Confirm semiotic strategies are different

Convert semiotic strategies to long format
Run mixed effect model to see whether the freq of different strategies varies by activation, animation or language while accounting for individual variation.
Plot data

Convert to long format

data_long2 <- melt(data,
        # ID variables - all the variables to keep but not split apart on
    id.vars=c("Language", "Activation","Animacy","Filename", "NarrativeReferent"),
        # The source columns
    measure.vars=c("lex", "mouth", "ca", "pt", "fs", "IN","WH", "ds", "lexnp", "is", "dl" ,"gesture", "q" ),
        # Name of the destination column that will identify the original
        # column that the measurement came from
    variable.name="strategy",
    value.name="occurance")
# head(data_long2)
long.table2 <- ddply(data_long2, c("Filename", "Language", "Activation","Animacy","strategy"),summarise, occurance = round(mean(occurance),4))
# long.table2

Run model

long.table2$occ.c <-  long.table2$occurance - mean(long.table2$occurance) #center
long.table2$occ.z <- long.table2$occ.c / sd(long.table2$occurance) #standardize
contrasts(data$Animacy) <- contr.sum(2)
contrasts(data$Animacy)
# head(long.table2)
long.table2$Activation2 <- factor(long.table2$Activation, levels = c("Maintained", "Reintroduced","New"))
# levels(long.table2$Activation2)
long.table2$Language2 <- factor(long.table2$Language, levels = c("Auslan","SSL","NSL","ISL", "FinSL"))
# levels(long.table2$Language2)
# head(long.table2)

#ideal model
# occ.m0 <- lmer(occ.z ~ strategy * Language2 + Activation + Animacy + (1+strategy*Language2|Filename), data = long.table2) #careful this takes about > 2hours 
# summary(occ.m0)

occ.m1 <- lmer(occ.z ~ strategy * Language2 + Activation + Animacy + (1+Language2|Filename), data = long.table2) 
summary(occ.m1)

Running the ideal model (more conservative than what is reported here) was taking upwards of 3 hours on my high end laptop. Maybe I’ll try to run it overnight sometime.
I also need to trouble shoot convergence errors that are being thrown out, either by selecting a optimizer or running separate models for individual strategies (both very time consuming)

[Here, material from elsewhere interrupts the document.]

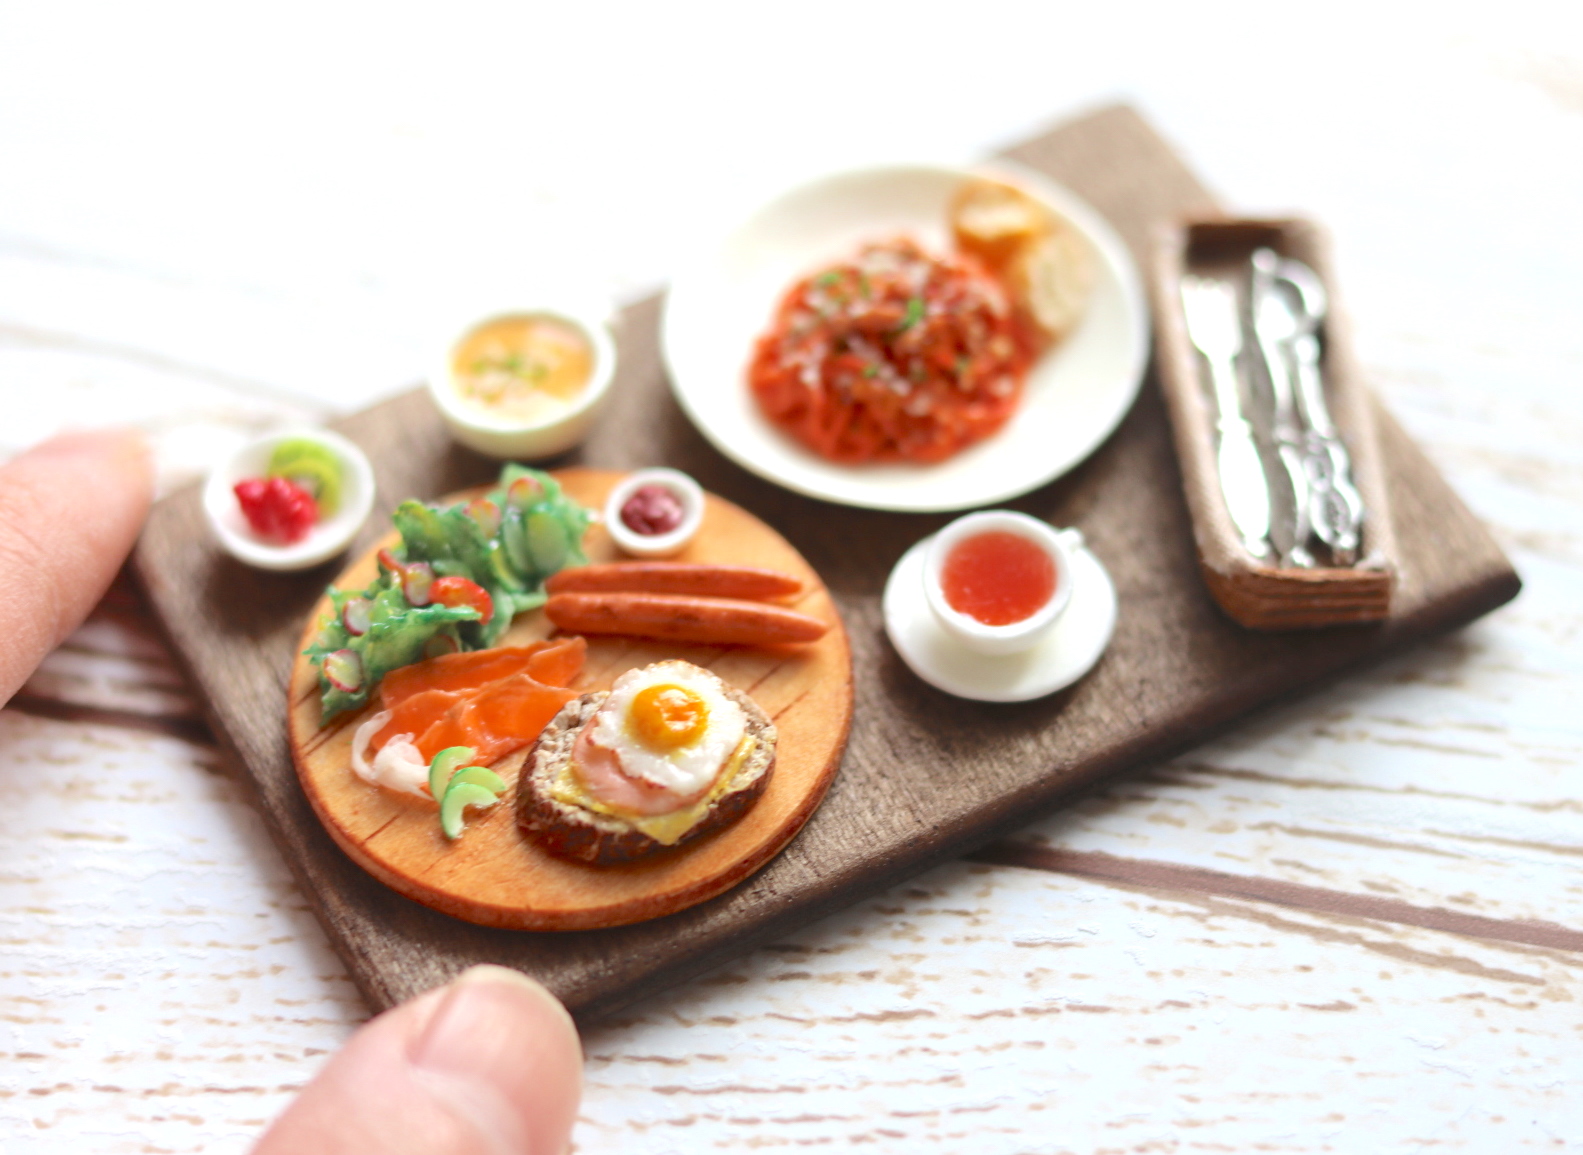 A Little Bite of Japan: The World of Miniature Food Models | RESOBOX

I also tried grouping semiotic strats to simplify the model, analysis not displayed in this markup.

However, results indicate that we can justify exploratory analysis

All semiotic strategies occurred at significantly different rates from each other.
Activation status was significant factor.
Animacy was a significant factor.
NSL and SSL prefer mouthing to fingerspelling. FinSL REALLY prefers not to fingerspell.
ISL and Auslan prefer fingerspelling to mouthing.
FinSL seems to be different from the other signed languages on nearly all measures.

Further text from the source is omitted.